Unlike other doctors, medical oncologists (doctors who prescribe chemotherapy) can profit directly from prescribing certain drugs when they administer them in their offices. Oncologists can purchase chemotherapy at lower prices than the amounts that Medicare and other private insurance companies pays them. Then they pocket the difference. This mark-up, which historically can be as high as 86%, is called the chemotherapy concession.

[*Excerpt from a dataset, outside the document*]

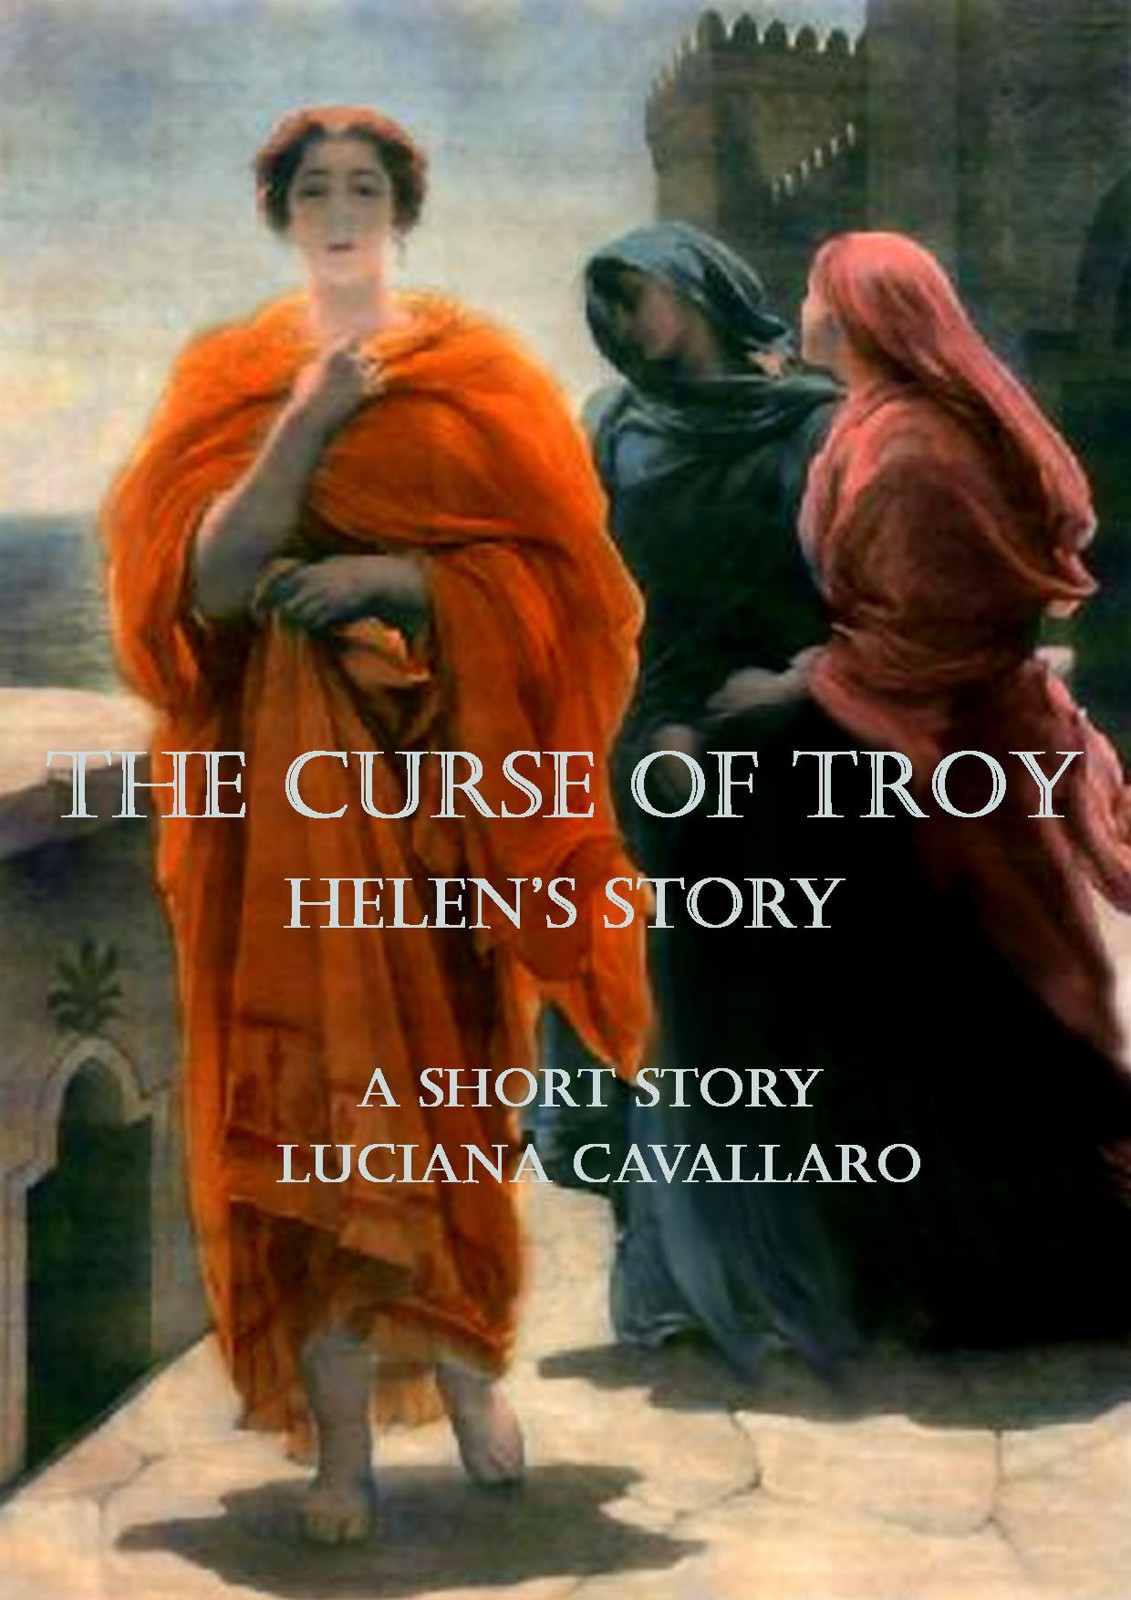 The Curse of Troy
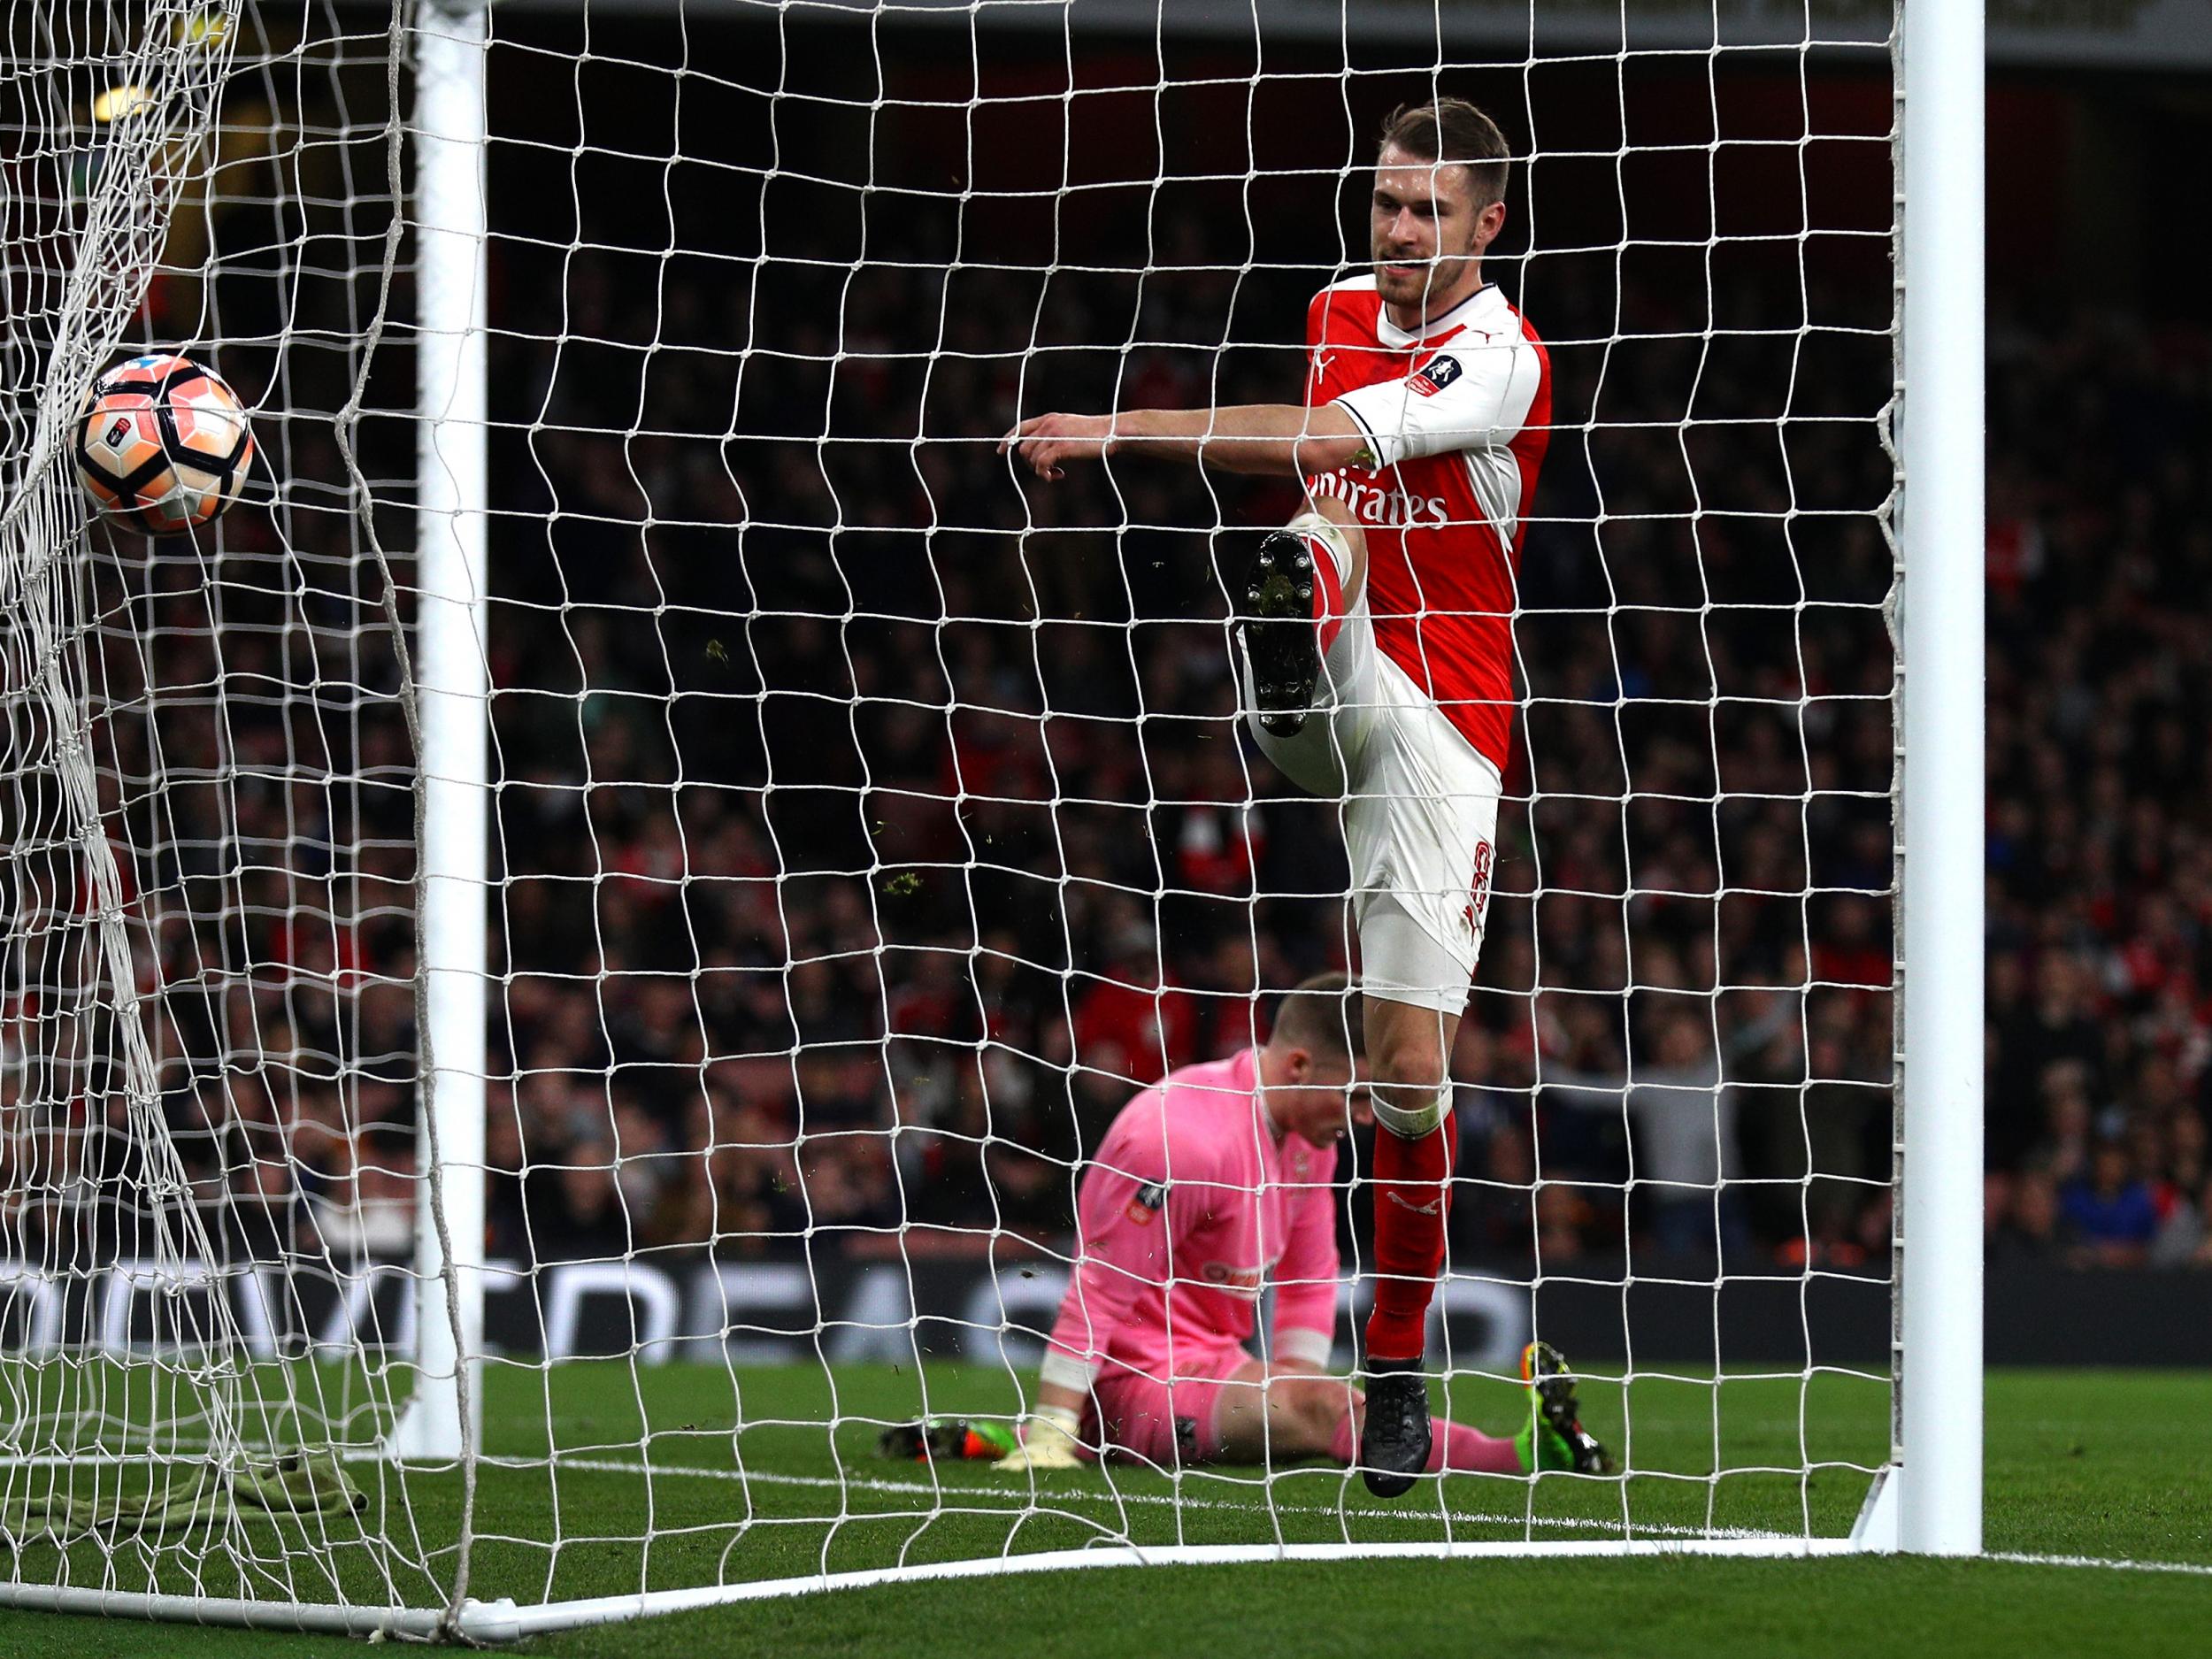 Ramsey walked in Arsenal's fifth past a despairing Farman

A study published last year by Health Affairs (Does Reimbursement Influence Chemotherapy Treatment For Cancer Patients?) revealed that this type of reimbursement prompts some oncologists to use more expensive drugs with better mark-ups for the doctor. For example, the study found that for breast cancer patients, a one-dollar increase in a physician’s reimbursement resulted in the use of chemo drugs that cost $23 more. The authors said, “Although reimbursement seems to have little effect on the primary decision to administer palliative chemotherapy to patients with advanced solid tumors, it appears to affect the choice of drugs used.”

As reported in the April 2006 edition of CancerWire, the chemotherapy concession can harm patients in at least three different ways: 1) it creates a potential conflict of interest; 2) it may expose patients to more experimental drugs; 3) and it may deplete a patient’s insurance benefits (i.e. drug coverage).

Medicare has tried to crack down on the windfall profits that oncologists make. For example, according to the New York Times article, “cancer doctors billed about $4.4 billion for chemotherapy and anemia medications in 2005, down from $5.6 billion in 2004, with Medicare covering 80 percent of the bills in each year. The difference mostly represented profit that doctors had made on the drugs.” But according to this article, some oncologists are still enjoying these windfalls and others are lobbying Medicare officials and members of Congress to raise the prices the government pays for drugs in order to increase their profits.

Here are some excerpts from the New York Times article:

· In general, oncologists make money by providing chemotherapy, even when it has little chance of success.

· “There’s pretty good evidence at this point,” said Dr. Richard Deyo, professor of medicine at the University of Washington and an expert on health care spending, “that there are plenty of patients for whom there’s little hope, who are terminally ill, whom chemotherapy is not going to help, who get chemotherapy.”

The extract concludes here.